Как и предсказывал Гёргей, злосчастный поход закончился бесславно. Потеря в людях была невелика, но поражение угнетающе подействовало на войско.

Кошут открыто обвинял в этой катастрофе Мога.

— Подумать только, — сказал Кошут, с укором глядя на генерала, — три недели спорили — наступать или не наступать… Наконец, двадцать четвёртого октября решение было принято, но лишь пять дней спустя мы тронулись к Швехату! Не будь Гёргея, нам не удалось бы собрать воедино остатки войска. Только его мужеству, хладнокровию и распорядительности обязана нация тем, что сохранила лучшее ядро своей армии!

Мога подал в отставку.

Вызвав к себе майора Гёргея, Кошут сказал ему:

— В боях под Швехатом Мога не оправдал нашего доверия. Я хотел бы видеть вас командующим Верхнедунайской армией…

— Но как бы такое назначение не вызвало справедливое недовольство опытных командиров, с более высоким чином, — ответил Гёргей. — Офицерам это покажется по меньшей мере странным и непонятным.

— Вы примете армию в чине генерал-адъютанта.

— Господин председатель, я не уверен, что вы сделали лучший выбор. Однако, если вы и Государственное собрание решите, что именно я должен стать во главе Верхнедунайской армии, которая встретит первые удары неприятеля, я готов принять на себя эту громадную ответственность.

Кошут крепко пожал руку Гёргею.

В штабе шло заседание военного совета. Присутствовали командиры всех частей Верхнедунайской армий. Они были свидетелями поведения Гёргея во время возникшей паники и восторженно встретили назначение его командующим армией.

— От Бема прибыли два посланца, — доложил вошедший в комнату адъютант.

— Из Вены?! — переспросил Кошут. — Пусть войдут!

У входа произошло замешательство. Миклош подтолкнул Игнаца вперёд, а сам остался за дверью.

Стараясь сохранить военную выправку, вошёл Игнац, сжимая в руках пакет. Впервые попав в столь многочисленное собрание офицеров, он опешил и остановился, не зная, как отличить среди них Кошута. Да и присутствовал ли здесь Кошут — штатский Кошут, каким его знали в народе?

— Входите, входите! — услышал он тёплый, поощряющий голос.

Из-за стола поднялся человек в военной форме, с синими глазами, взгляд которых сейчас был полон мягкости и доброты.

Приняв письмо, Кошут пригласил Игнаца сесть на стоявший у двери диван. Внимательно читая послание Бема, он дошёл до конца, потом поднял голову и обвёл взглядом всех присутствующих.

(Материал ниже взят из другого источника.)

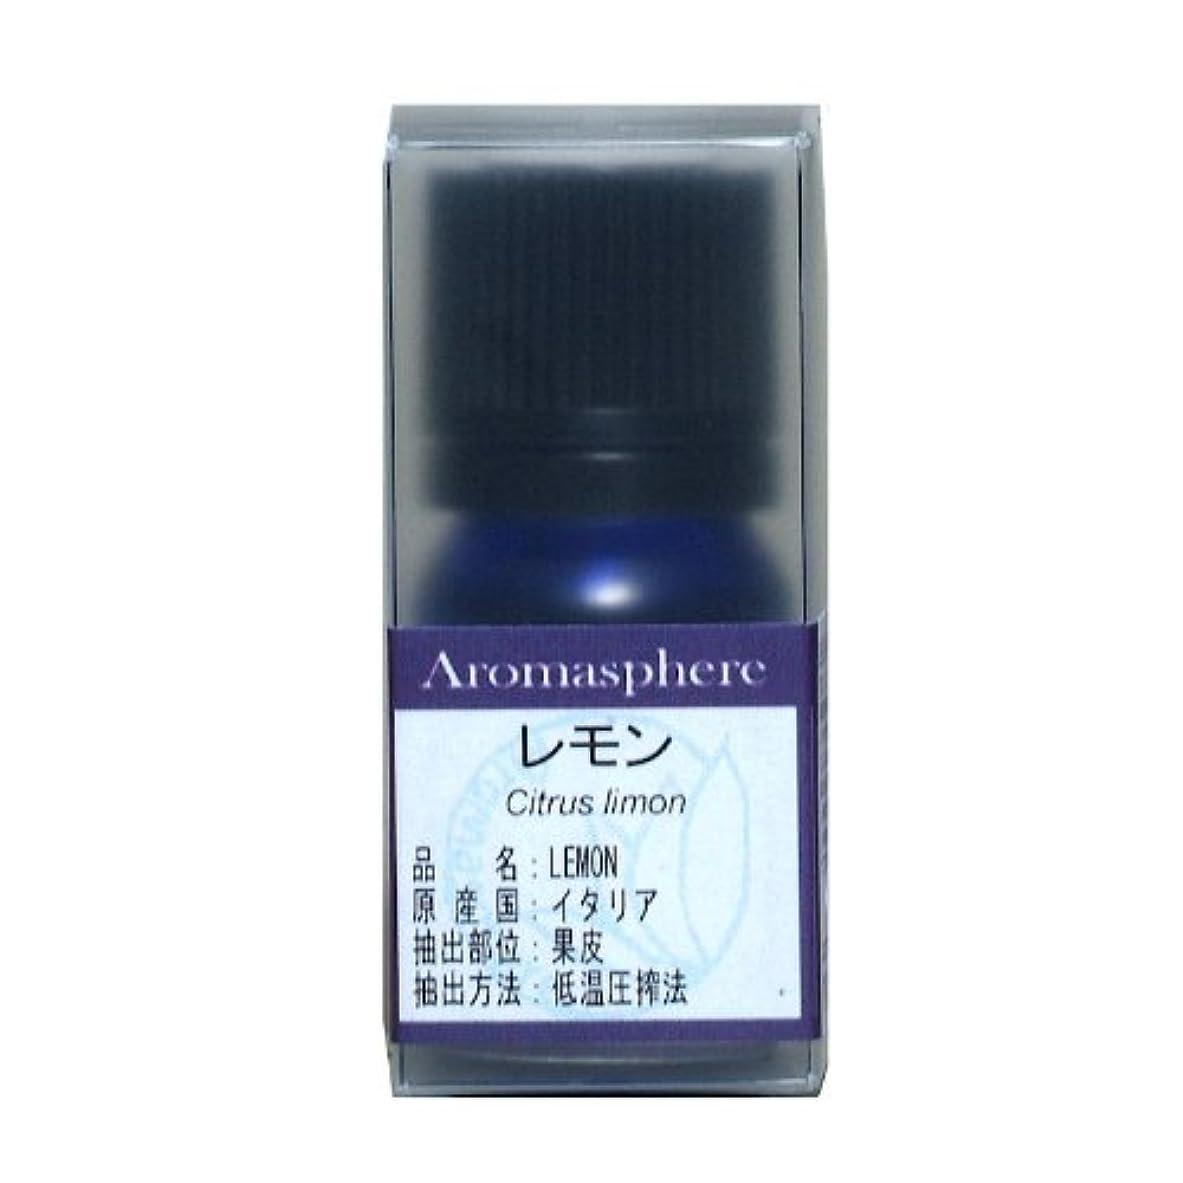 一流コピー送信する【アロマスフィア】レモン 5ml エッセンシャルオイル(精油)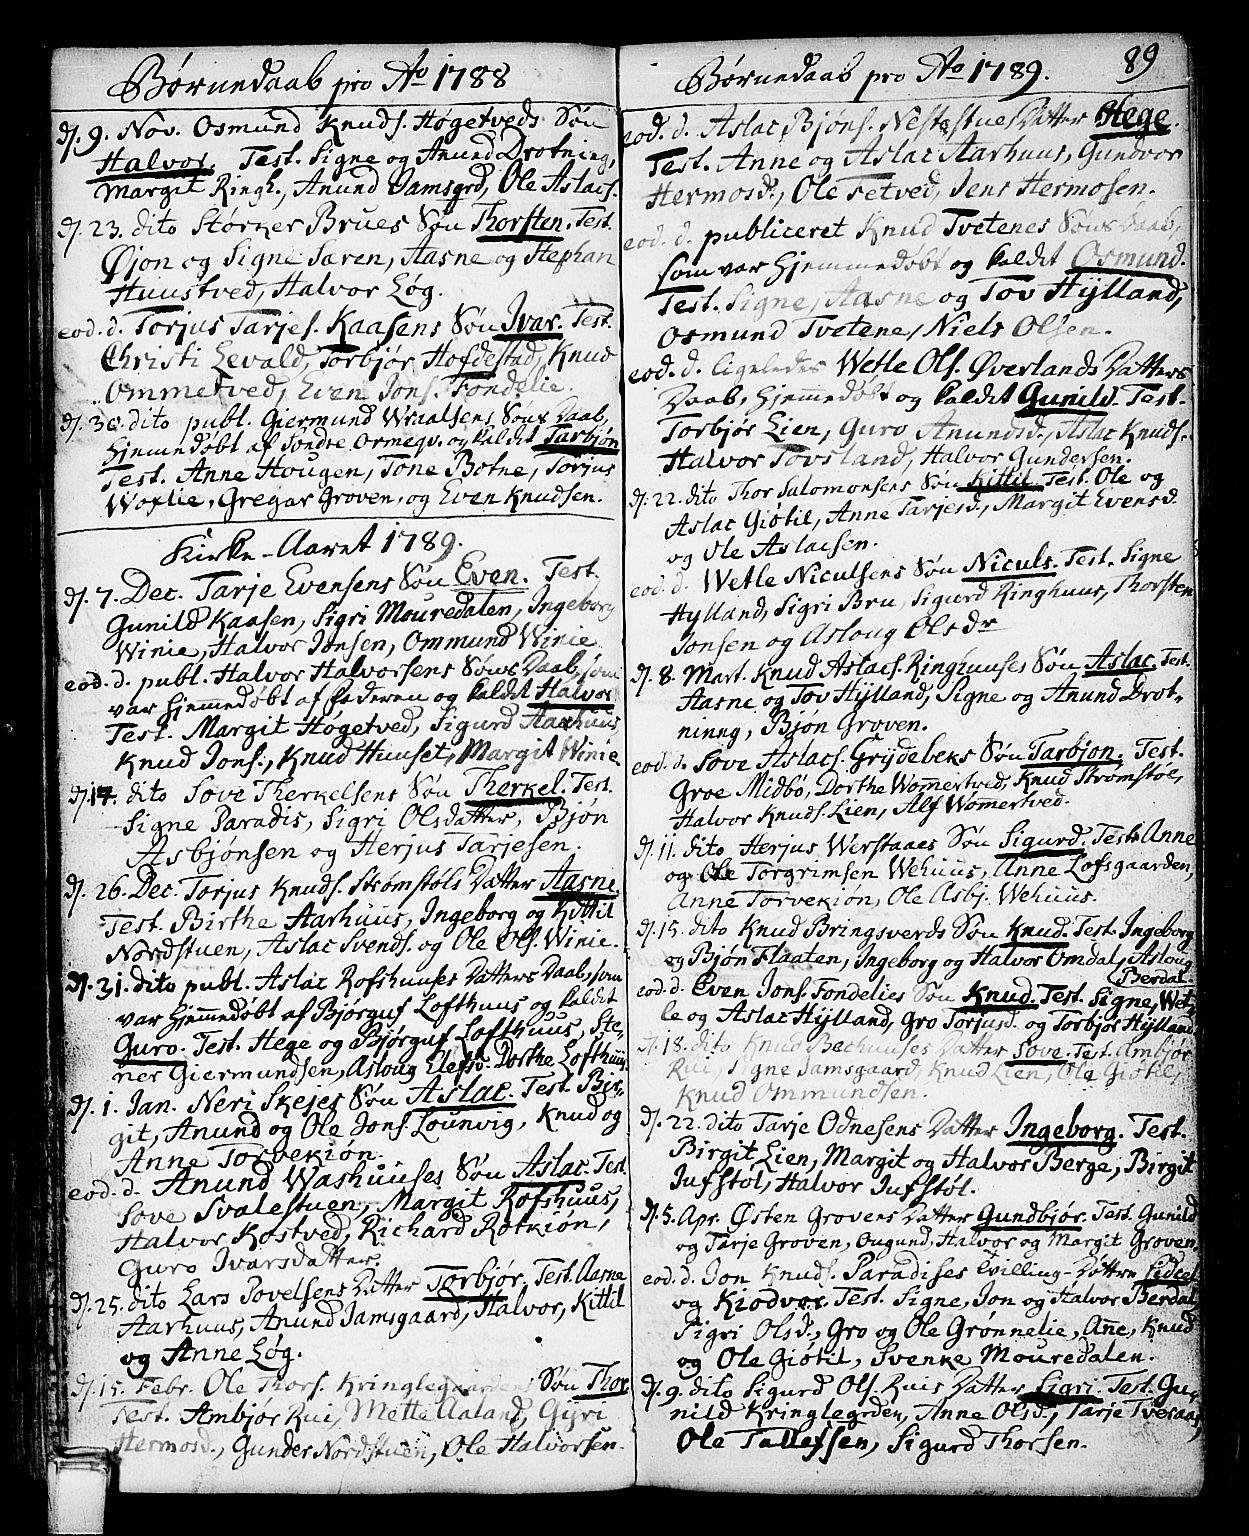 SAKO, Vinje kirkebøker, F/Fa/L0002: Ministerialbok nr. I 2, 1767-1814, s. 89

— Сейчас я вам прочту, господа, — сказал он, — только одну строчку из письма генерала Бема: «Время потерять — всё потерять!» Это написано двадцать седьмого октября, когда Бем был готов к вылазке, ожидая только первого выстрела с наших батарей. Если бы мы подошли к Швехату на день раньше, противник подвергся бы нападению с двух сторон, и не нам, а ему пришлось бы спасаться бегством… На один только день, господа!..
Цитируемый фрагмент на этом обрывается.